#### WORK INSTRUCTIONS
Since the copy must hold text only, transcribe the data below exactly and omit the images.

#### DATA BLOCK
----------

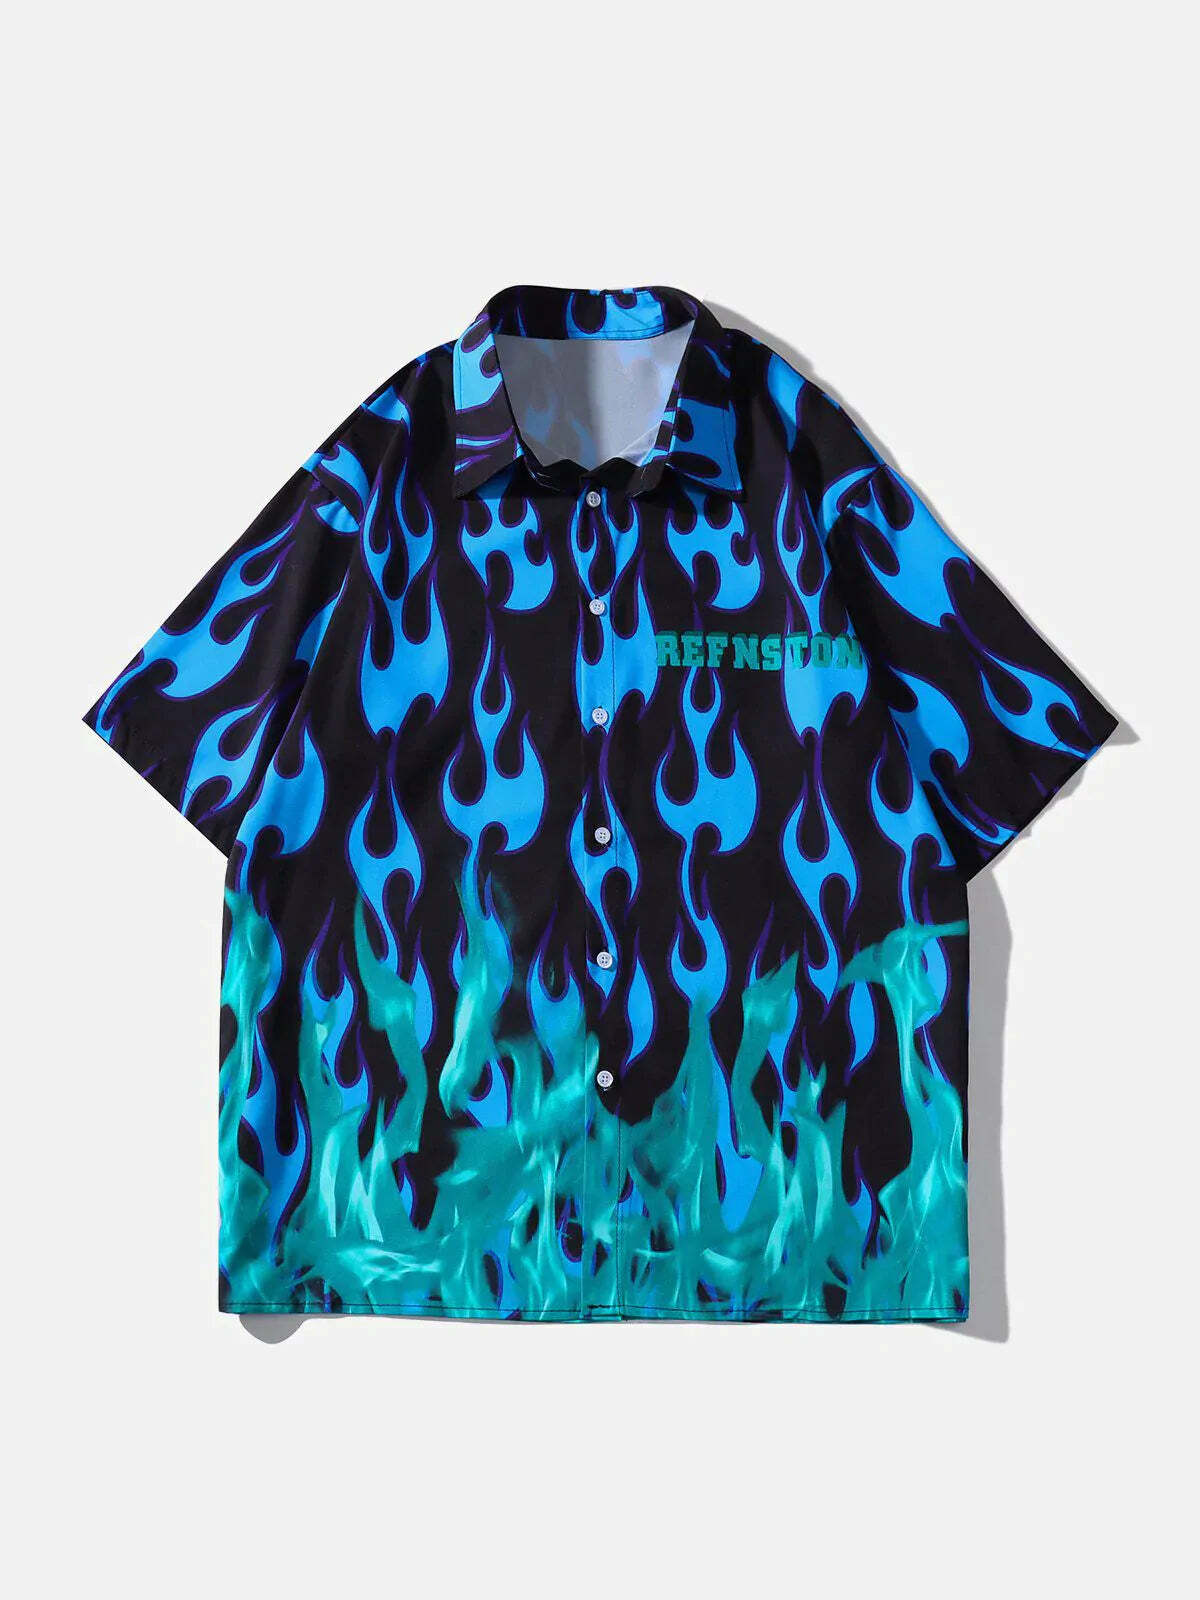 dynamic flame print shirt edgy  retro streetwear staple 2128
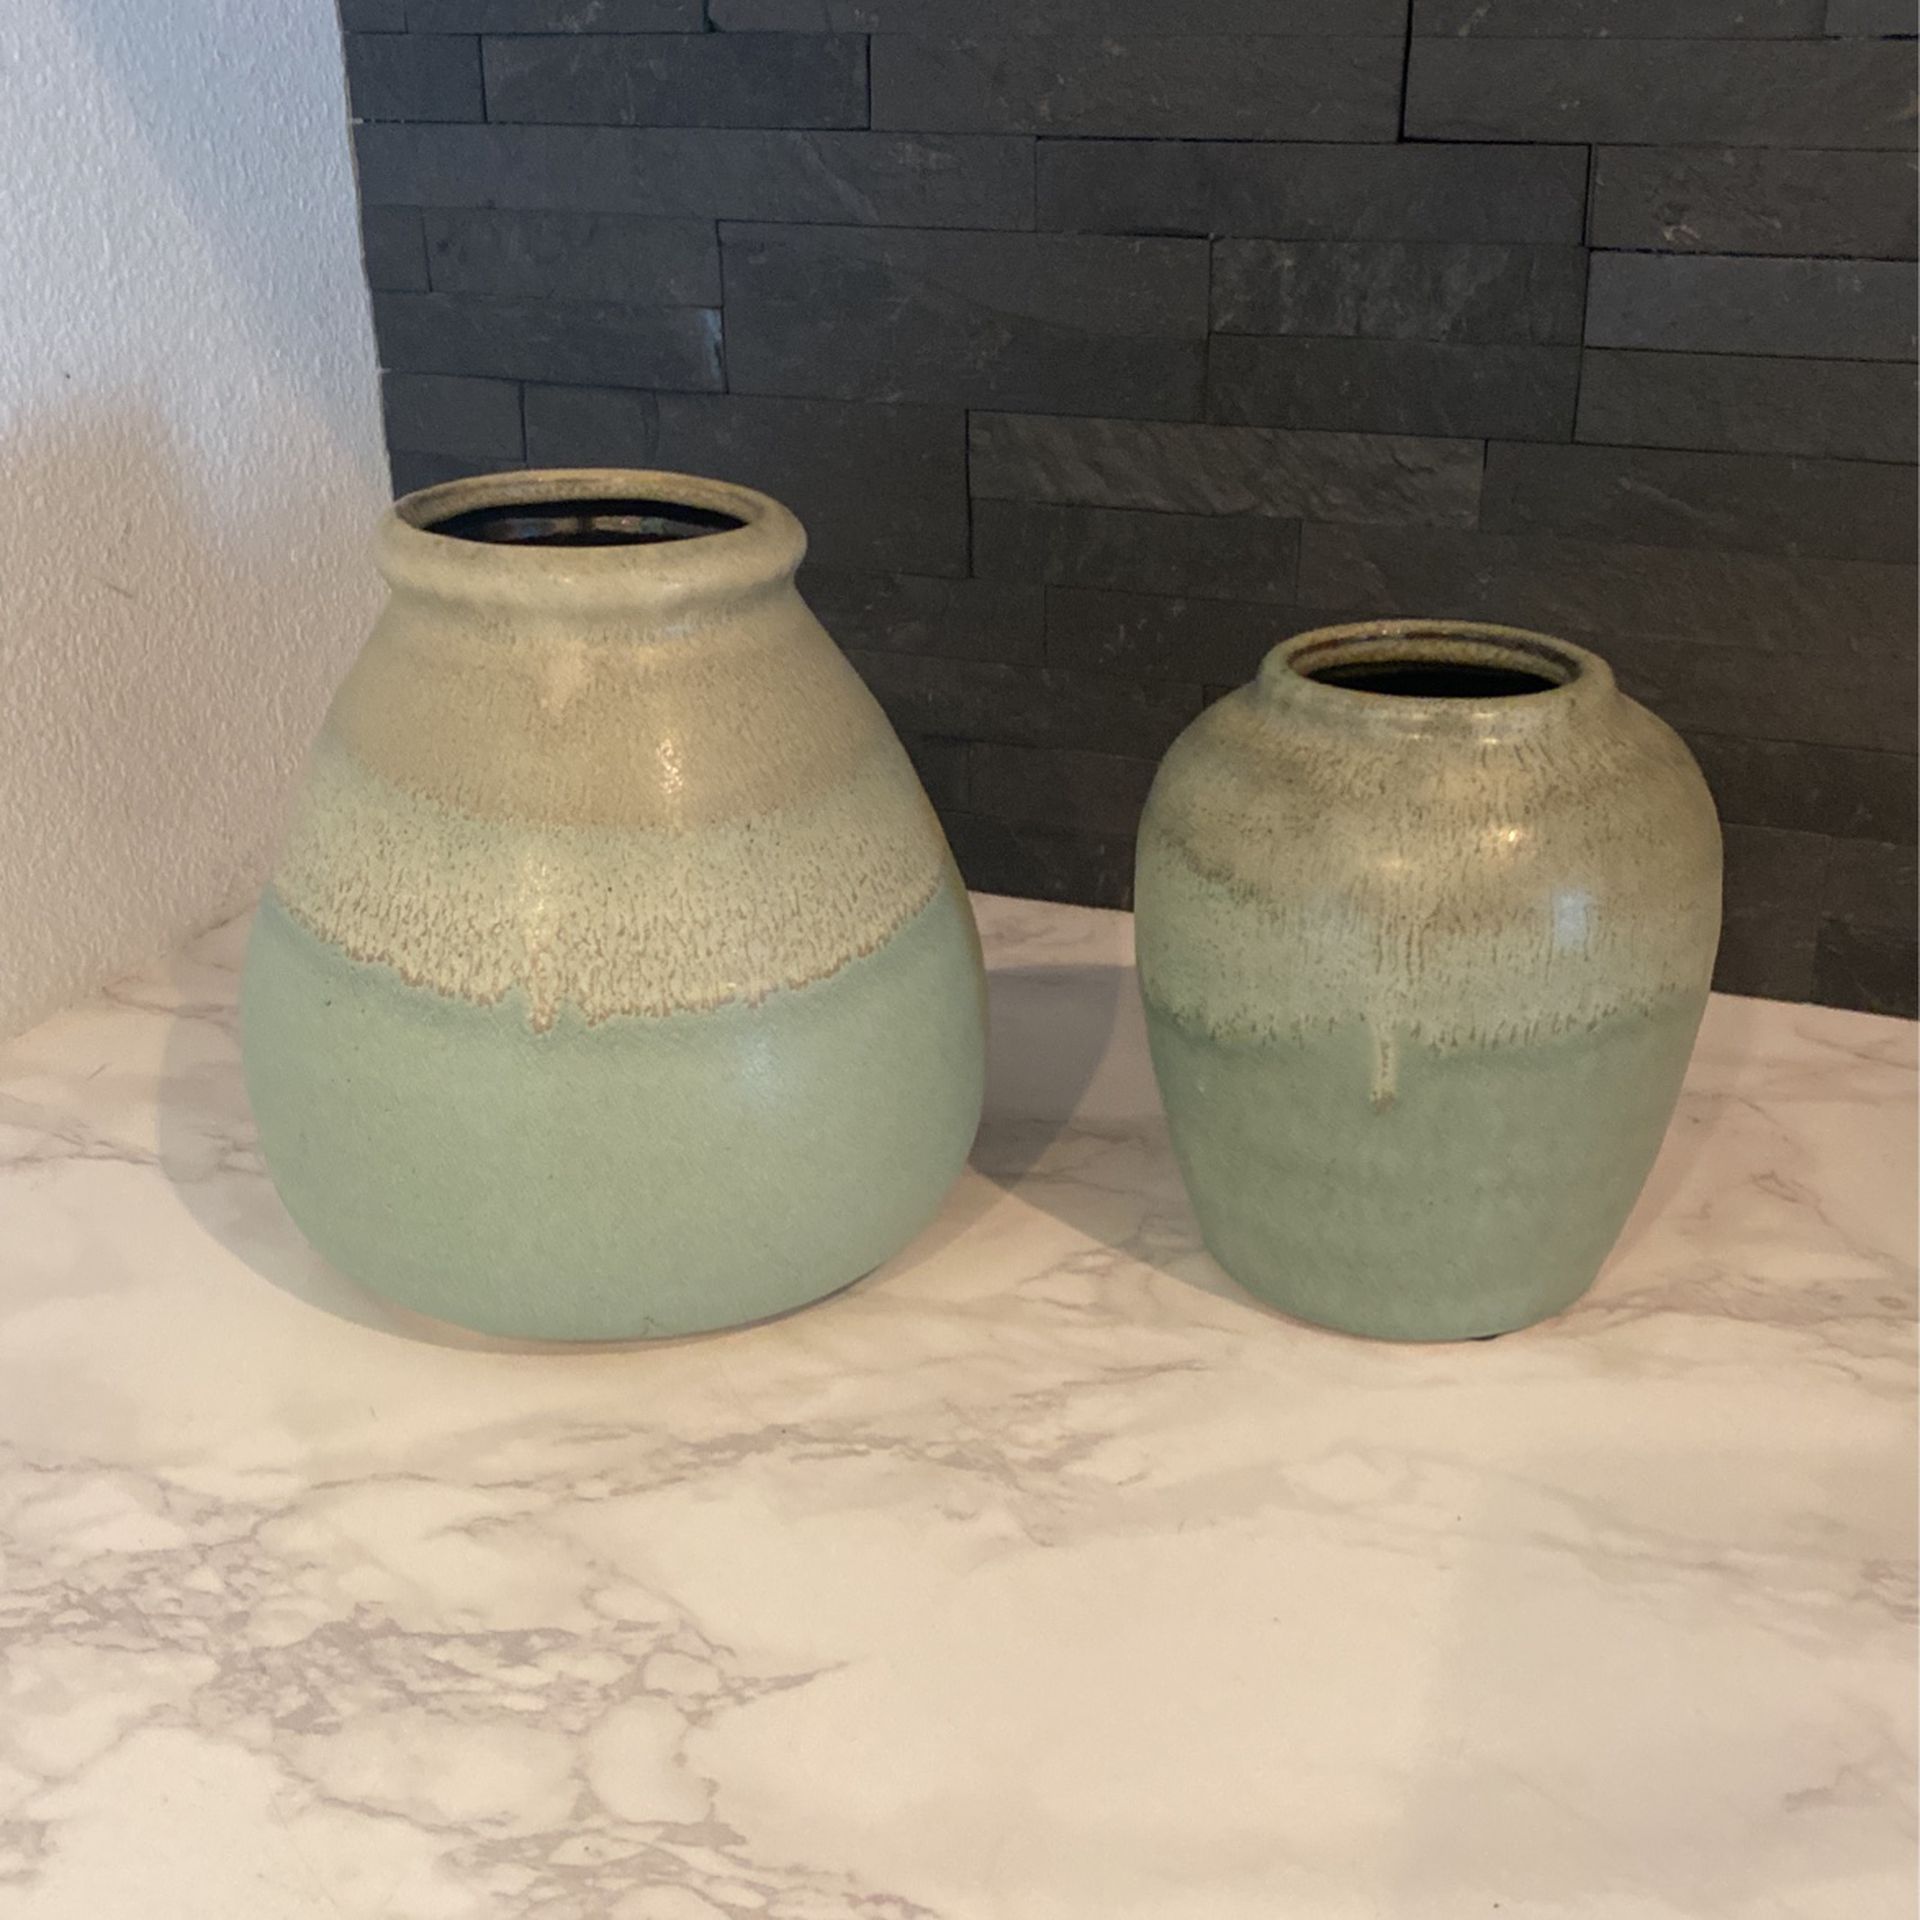 Beautiful Teal Pots Fake Plant Vase Jugs
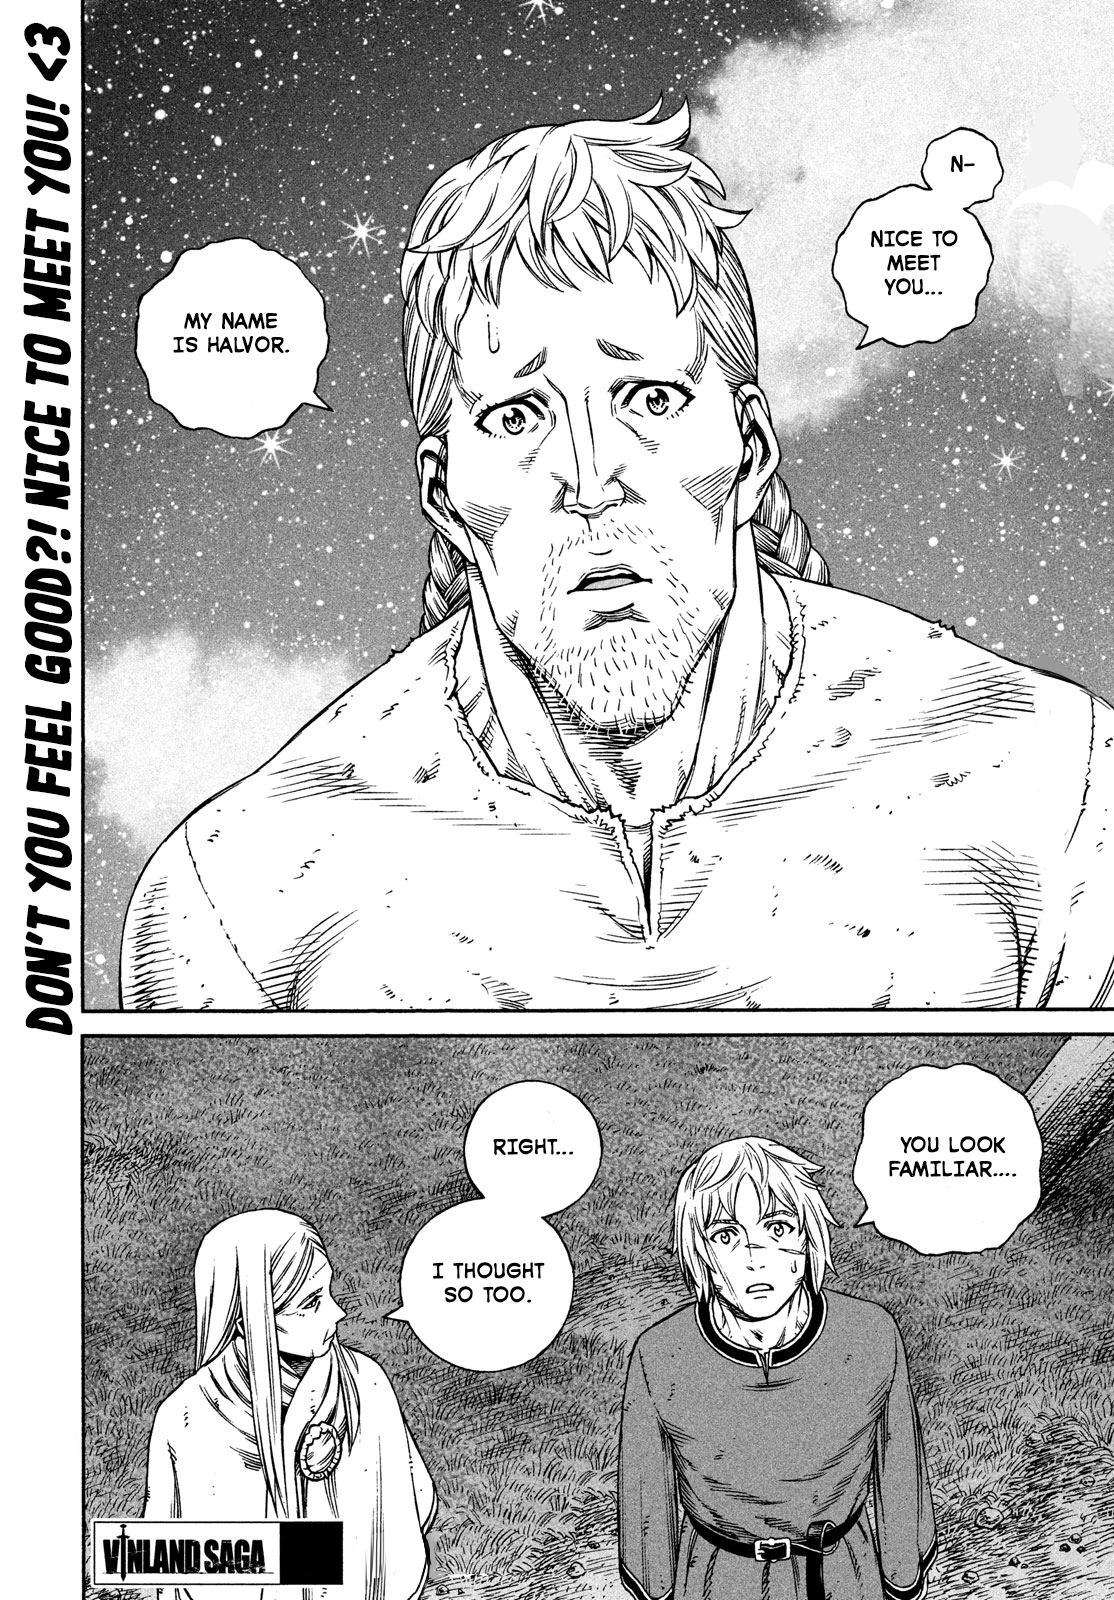 Vinland Saga Manga Manga Chapter - 168 - image 23

----------

#### EXPECTED OUTPUT
 dynamic flame print shirt edgy  retro streetwear staple 2128
 Beautiful Teal Pots Fake Plant Vase Jugs
 Vinland Saga Manga Manga Chapter - 168 - image 23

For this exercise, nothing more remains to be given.